3. The receptor is not functional when expressed in yeast
There is always a risk when expressing a protein in another host that the protein will not be functional. This might be due to an incorrect fold or that the protein did not get the proper post-translational modifications. The LH/CG receptor, when expressed in yeast, might have lost its correct conformation, been unable to integrate properly into the yeast cell membrane and therefore also be unable to bind the hCG hormone. Mammalian proteins will be glycosylated in a significantly different manner when expressed in yeast. This might be a potential problem for the LH/CG receptor, which has a number of glycosylated sites. According to literature, these glycosylations are not important for ligand binding and signal transduction, but they might be important for proper integration of the receptor into the membrane[6]. This may then explain why the receptor is non-functional in yeast.

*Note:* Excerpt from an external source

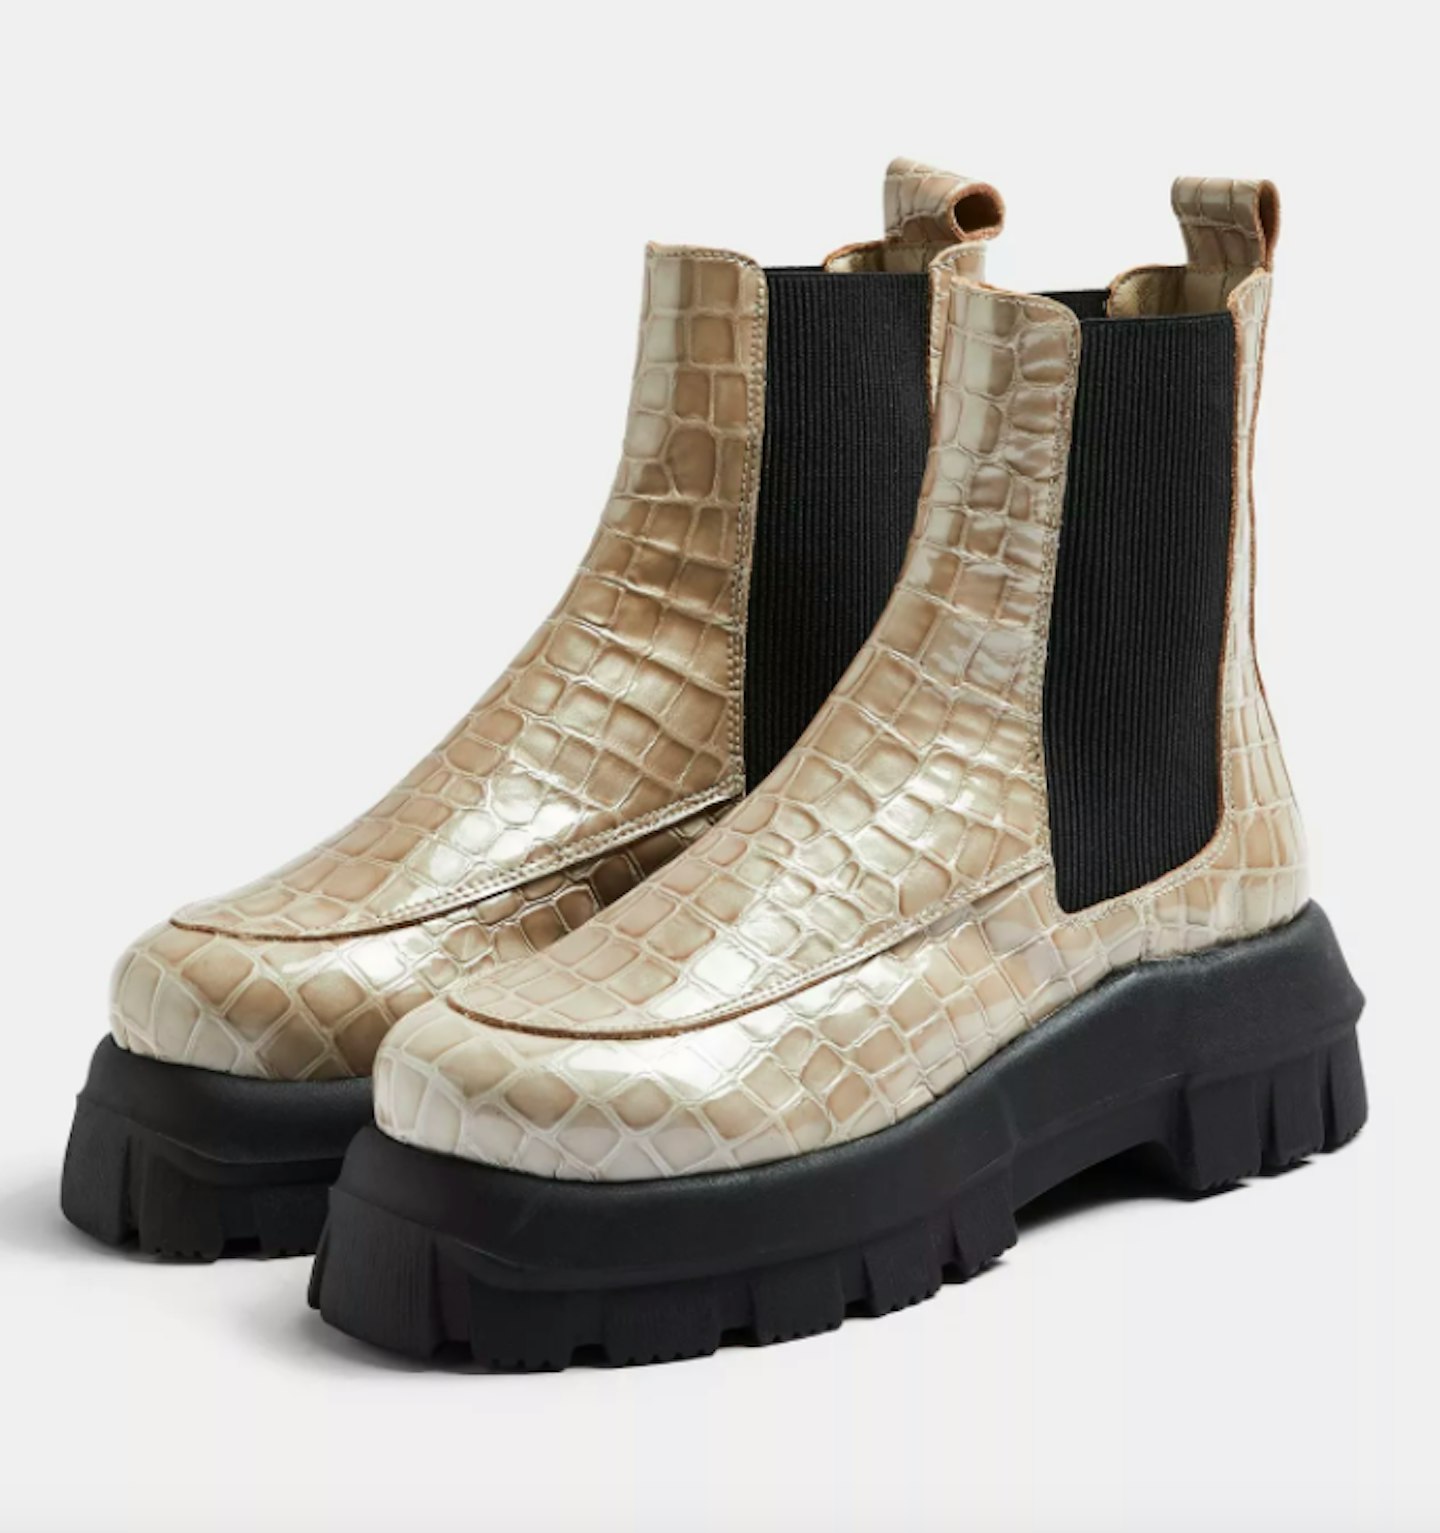 Topshop, Alpha Stone Chunky Leather Chelsea Boots, WAS £95.99, NOW £71.99

As a further step, we would like to determine the location of the LH/CG receptor when expressed in yeast. This could be done by, for example, placing a fluorescent tag on the receptor and would enable us to see whether or not it has been integrated in the yeast membrane or if it has been retained in the cytosol.

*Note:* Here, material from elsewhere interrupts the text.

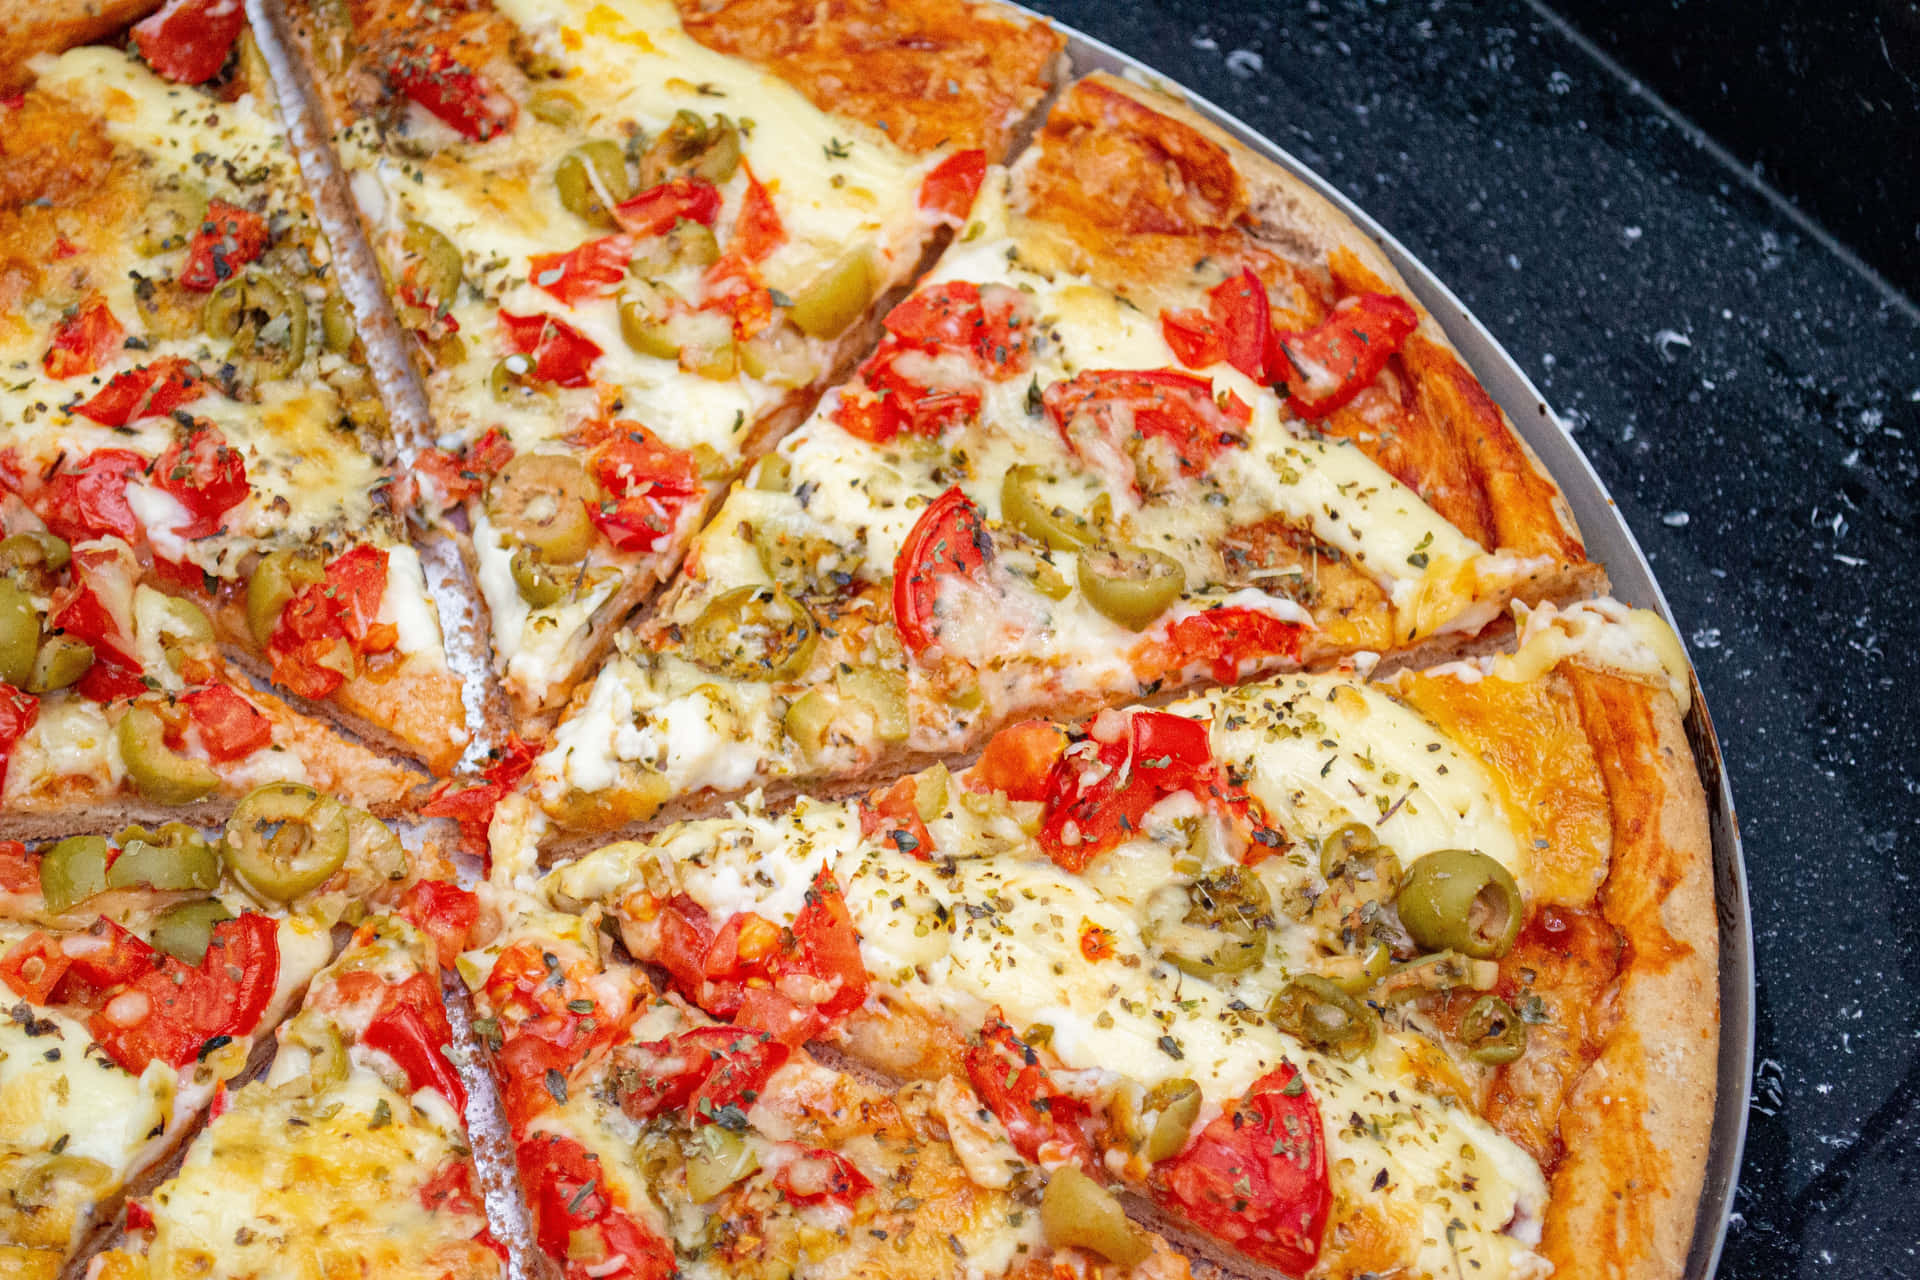 Enjoy delicious handcrafted Pizza Hut dishes

If it turns out that LH/CG successfully has been integrated in the membrane but that the receptor is unable to function properly, we would also like to try to reengineer the receptor. In previous studies deletion of foremost intracellular loops has proven to increase the stability and activity of some GPCRs when expressed in yeast[7]. This might be something that could be applied to the LH/CG receptor as well since it does have several large intracellular loops.
References
[1] Han GH, Shin HJ, Kim SW. Optimization of bio-indigoproduction by recombinant E. coli harboring fmo gene. Enzyme and Microbial Technology. 2008;42(7):617-623. [2] Berry A, Dodge TC, Pepsin M, Weyle W. Application of metabolic engineering to improve both the production and use of biotech indigo. Journal of Industrial Microbiology & Biotechnolog.2002;28(3):127-133. [3] Zhang M, Liang Y, Zhang X, Xu Y, Dai H, Xiao W. Deletion of yeast CWP genes enhances cell permeability to genotoxic agents. Toxicological sciences: an official journal of the Society of Toxicology. 2008;130(1):68-76. [4] Ishii J, Moriguchi M, Hara KY, Shibasaki S, Fukuda H, Kondo A. Improved identification of agonist-mediated Gαi-specific human G-protein-coupled receptor signaling in yeast cells by flow cytometry. Analytical Biochemistry. 2012;426(2):129-133. [5] Fukuda N, Ishii J, Kaishima M, Kondo A. Amplification of agonist stimulation of human G-protein-coupled receptor signaling in yeast. Analytical Biochemistry. 2011;417(2):182-187. [6] Petäja-Repo UE, Merz WE, Rajaniemi HJ. Significance of the carbohydrate moiety of the rat ovarian luteinizing hormone/chorionic-gonadotropin receptor for ligand-binding specificity and signal transduction. The Biochemical Journal. 1993;292(3):839-844. [7] Ladds G, Goddard A, Davey J. Functional analysis of heterologous GPCR signaling pathways in yeast. Trends in Biotechnology. 2005;23(7):367-373.